The explanation that a psychic told Sarah to build this house in order to lift the curse from her family does actually hold water. After all, Sarah did hold several seances in the house, and many instances of the number 13 being used in patterns and interior design can be found throughout the house’s construction. Many people say she was fascinated by the occult. The tour guides in Winchester Mystery House mention the fact that Sarah would change bedrooms every day to avoid the spirits she felt were chasing her.
The explanation, however, could be even simpler.

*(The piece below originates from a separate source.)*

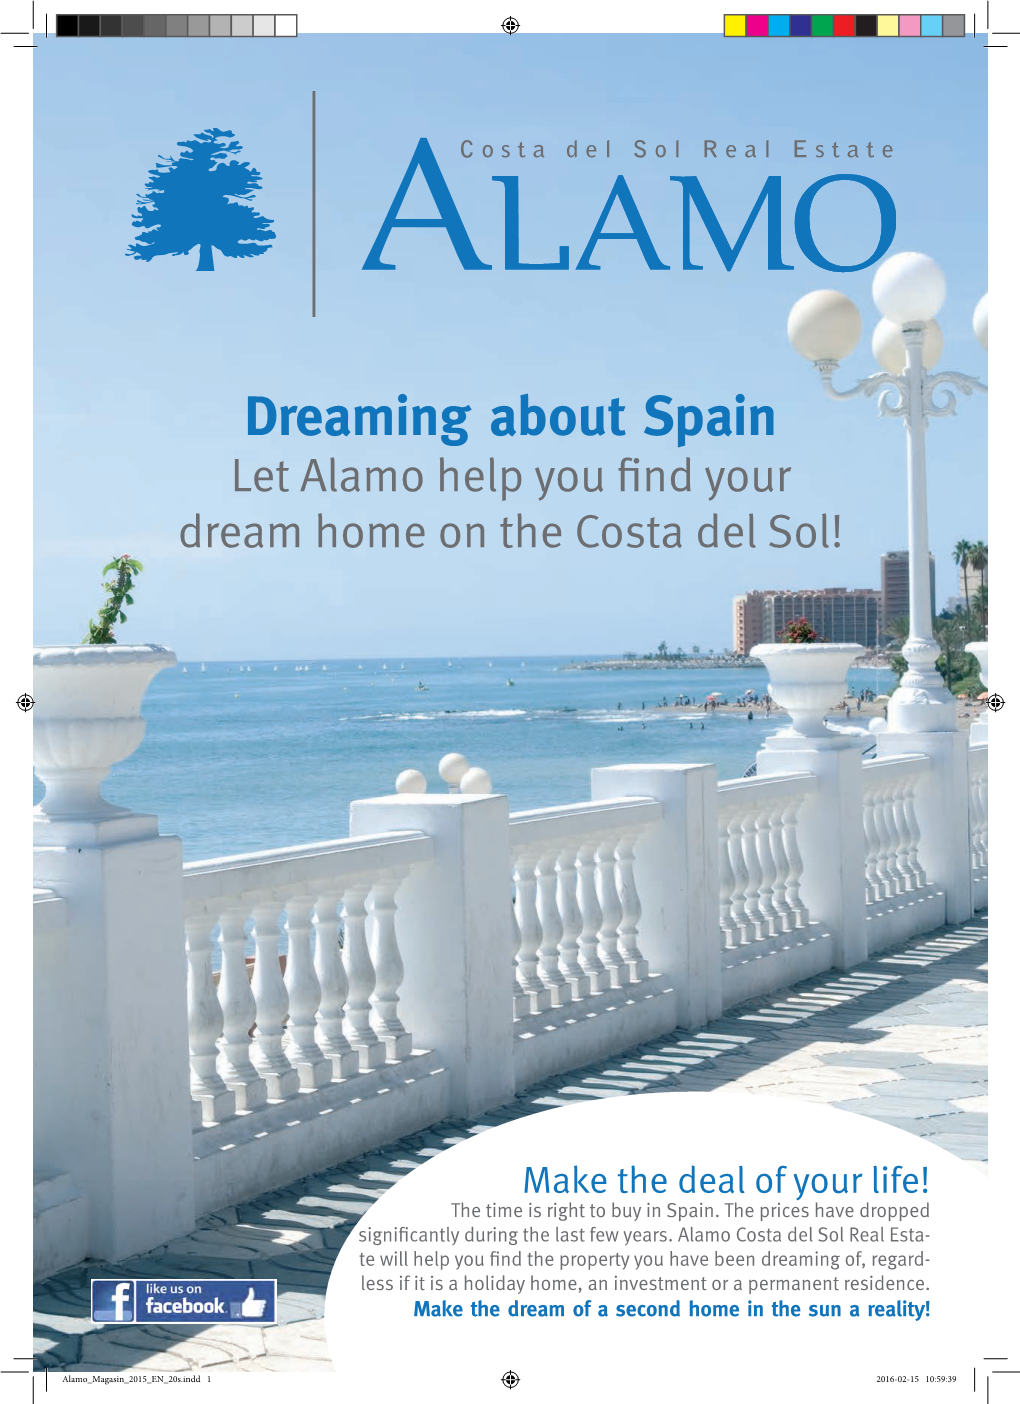 Dreaming About Spain Let Alamo Help You Find Your Dream Home on the Costa Del Sol!

Sarah had clearly experienced serious tragedies in her life before moving out west; perhaps her need to have workers in the house 24/7 was more about having people and noise in the house at all times to distract her, rather than a belief that she was appeasing spirits.
Perhaps the goal of constantly remodeling her house kept her mind occupied and goal-oriented, so she wouldn’t have to think too much about her dead daughter and husband.

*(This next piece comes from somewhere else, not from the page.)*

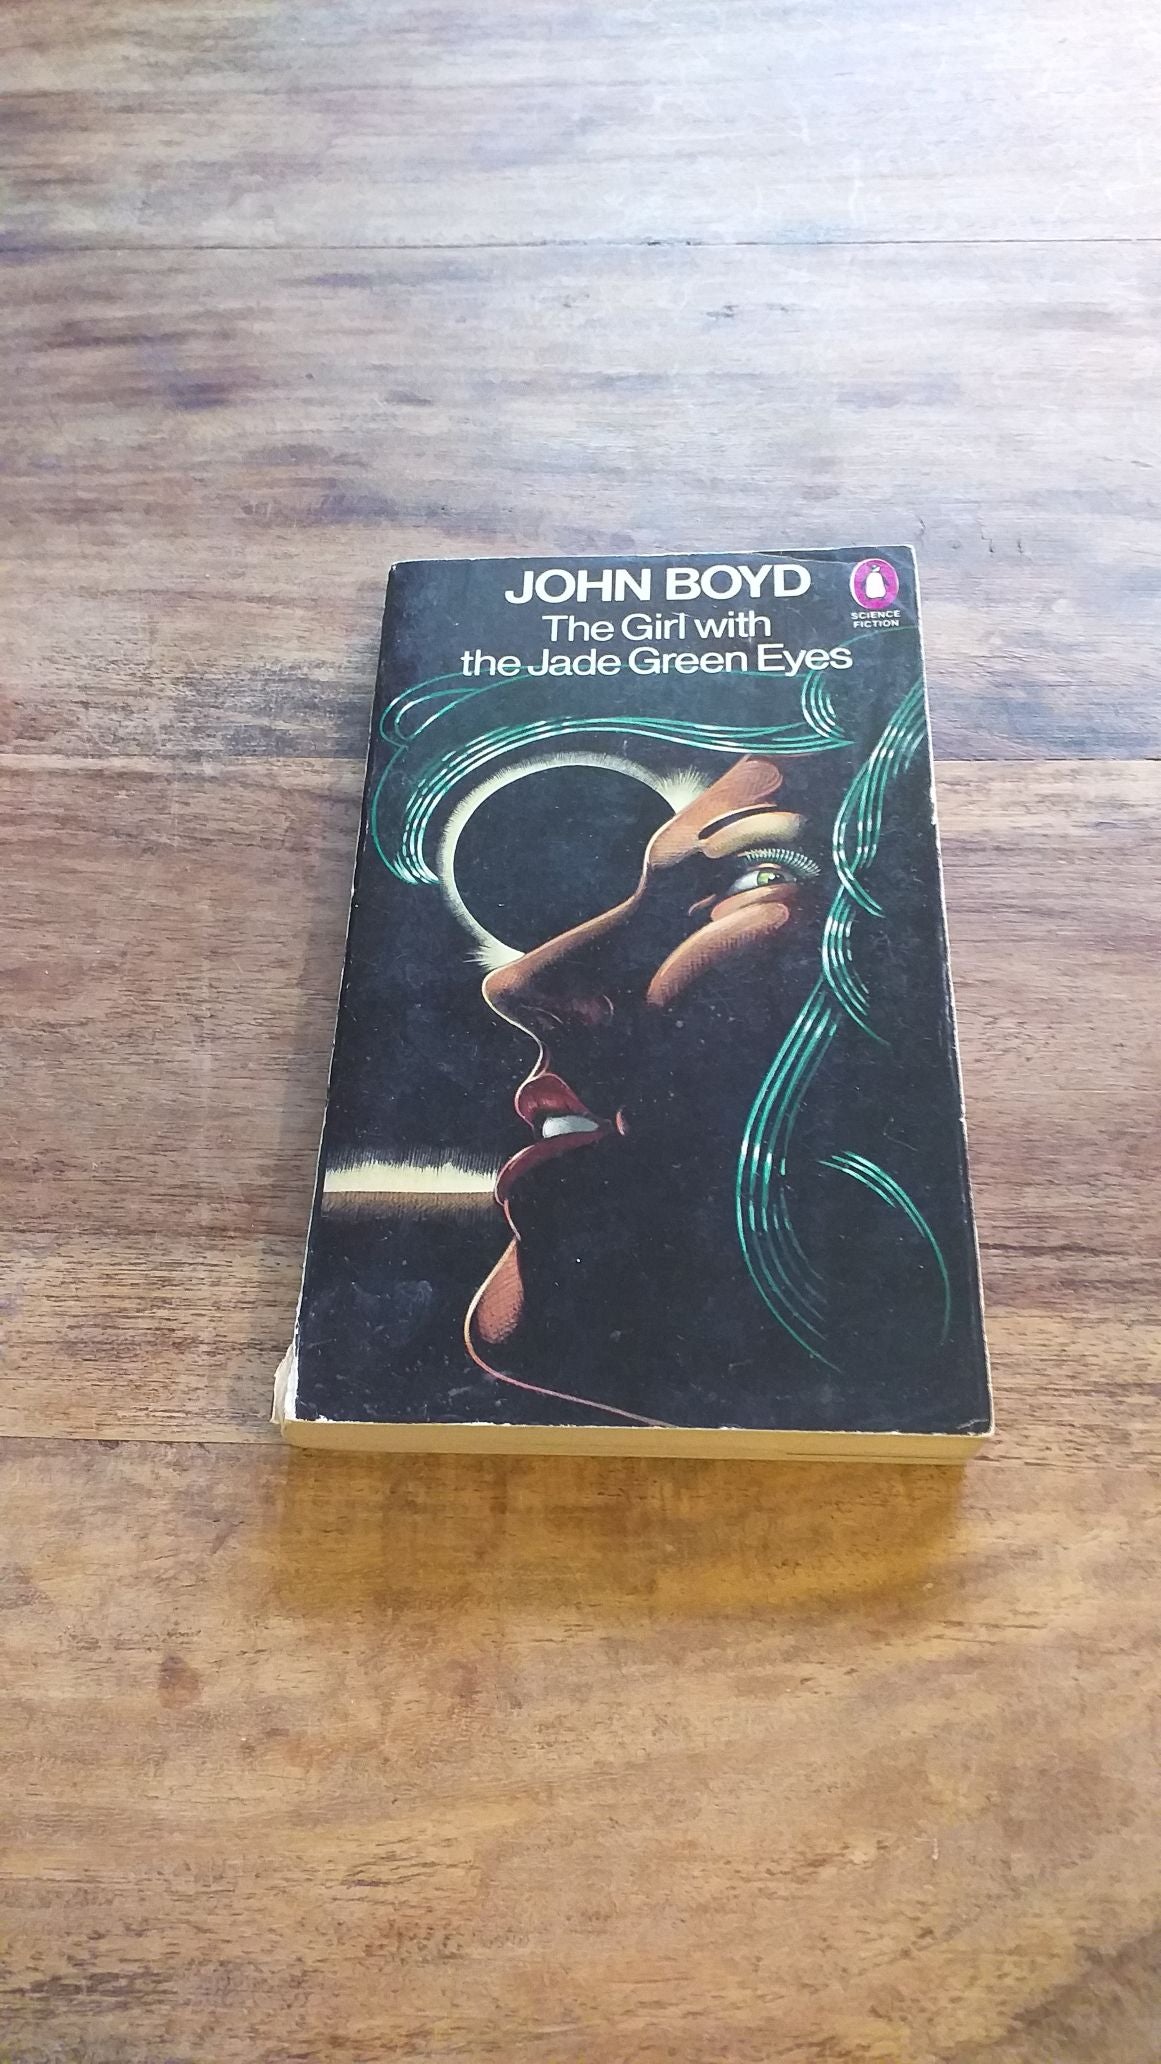 The Girl with the Jade Green Eyes by John Boyd 1979 UK Penguin Vintage

Or, perhaps the predictions of the psychic filled her with guilt about the number of people Winchester rifles had killed, and she felt she wanted to spend what she may have viewed as blood money gained from the Winchester fortune as soon as she got it.
After all, Sarah Winchester also generously donated to many charities and hospitals, both in California and back East. Her modest nature led to most of these charitable donations being kept anonymous right up until her death.

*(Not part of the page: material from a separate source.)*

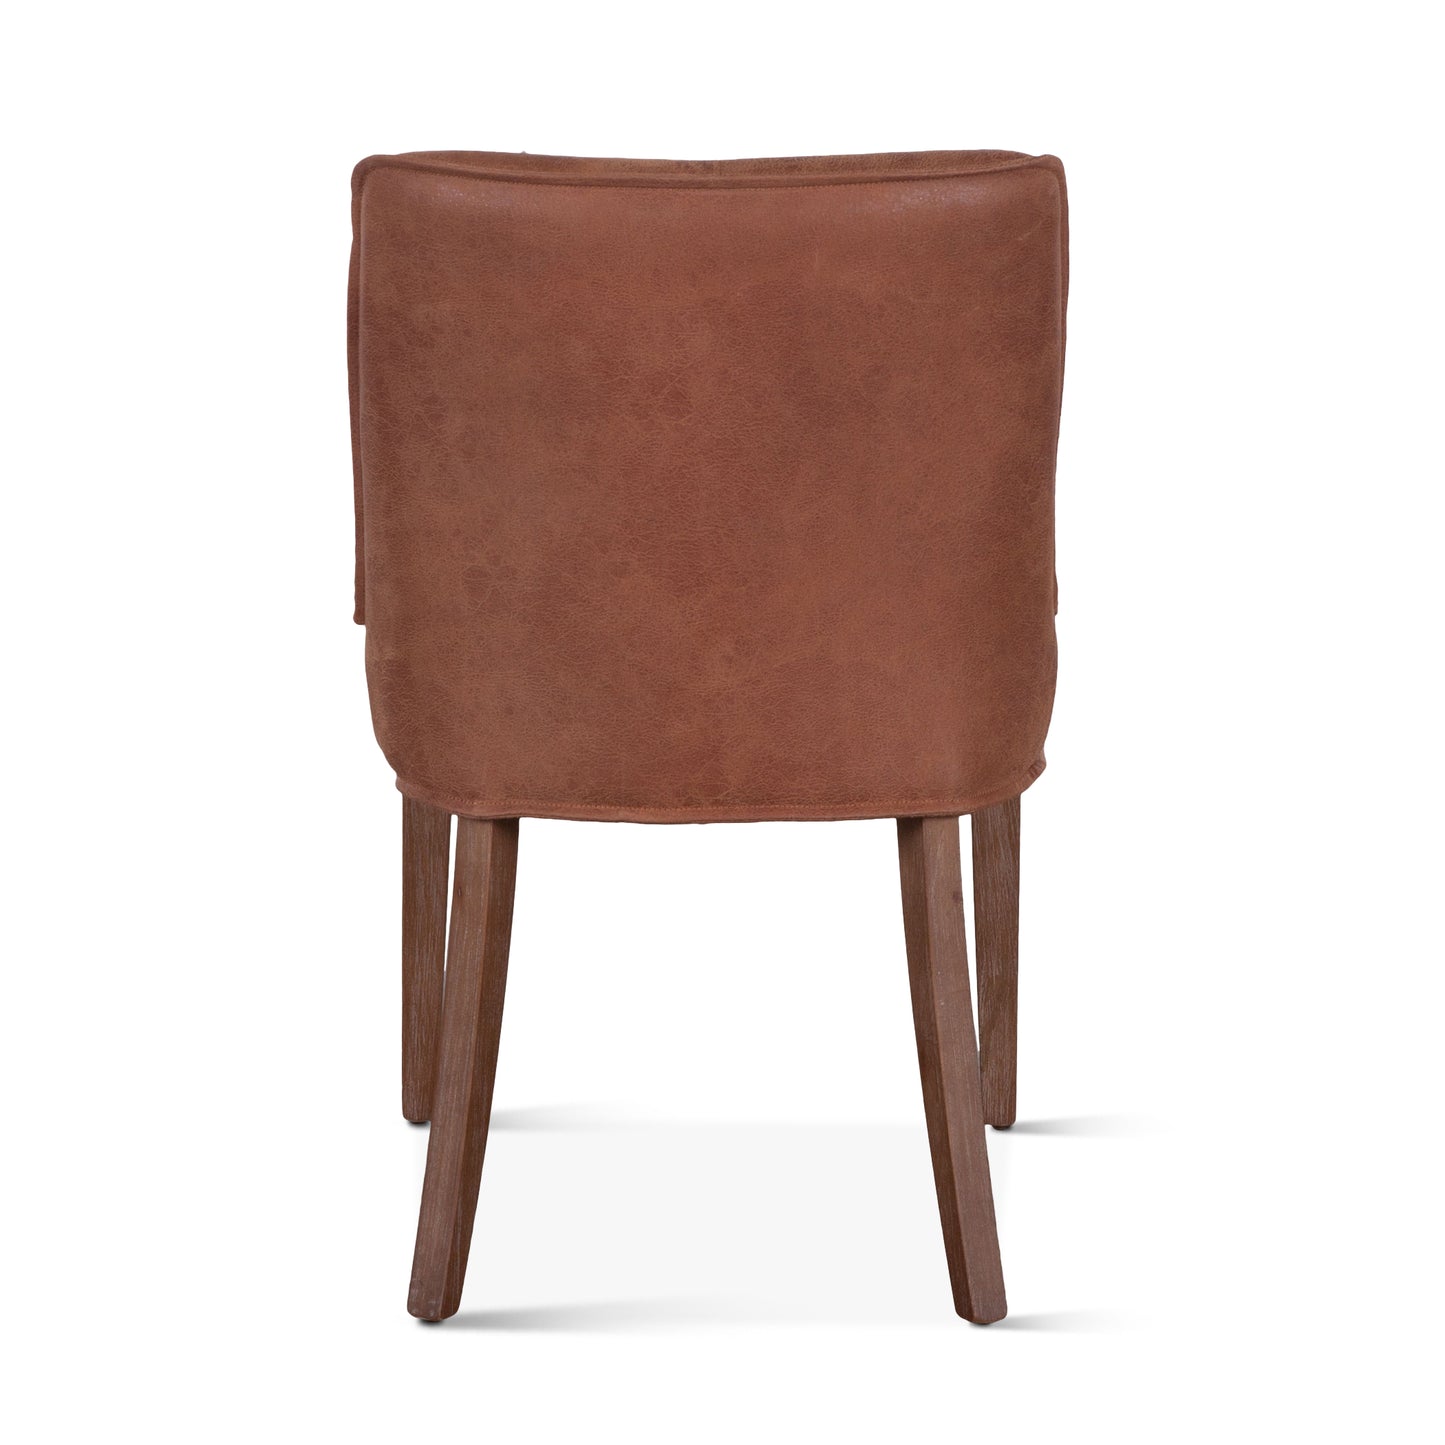 Buddy Side Chair Tan Leather

So, Is the Winchester Mystery House Haunted or Not?
Now, for a disclaimer that probably comes much too late: I am a skeptic. I do not really believe in ghosts. I know that making that claim in a public forum is just asking for a poltergeist to invade my home and prove me wrong, but oh well, here we are.
I will say this: after the initial combination of Victorian elegance and architectural quirkiness you observe upon entering the Winchester Mystery House, there is a very palpable feeling of something dark and disturbing in the house, even when you don’t know the history. Though I will add that knowing Sarah’s history – the generosity she showed towards those around her, the kind soul she was – makes the family deaths that stained her life all the more tragic.
The more you walk through the oddly shaped rooms, stairs to nowhere, and maze-like floors, the more you feel something eerie and strange surrounding you. And it’s not ghosts, in the literal sense. It’s the feeling that you are looking at the physical manifestation of someone facing a deeply haunting waking life. The illogical ups and down you have to navigate, hidden passages, doors that open up to walls – it all feels like the result of someone trying to escape and hide.
I cannot tell you if the Winchester Mystery House is the home of actual ghosts. But, I will tell you this: a house can be haunted without spirits, by its history alone.
For me, the Winchester Mystery House is definitely that house. And it is fascinating.
Want to See For Yourself?
I highly recommend visiting the Winchester Mystery House if you are ever driving through central California. The tour runs from $20 to $49, depending on how much time you want to spend there and how extensive a tour you want to do.
My tour guide was very well-informed about the house and its history, and clearly enthusiastic about his job. The only downside is that there is no photography allowed inside the house.
Regardless of your feelings about the paranormal, the strange architecture and history of the Winchester Mystery House make it a good afternoon stop for pretty much everyone.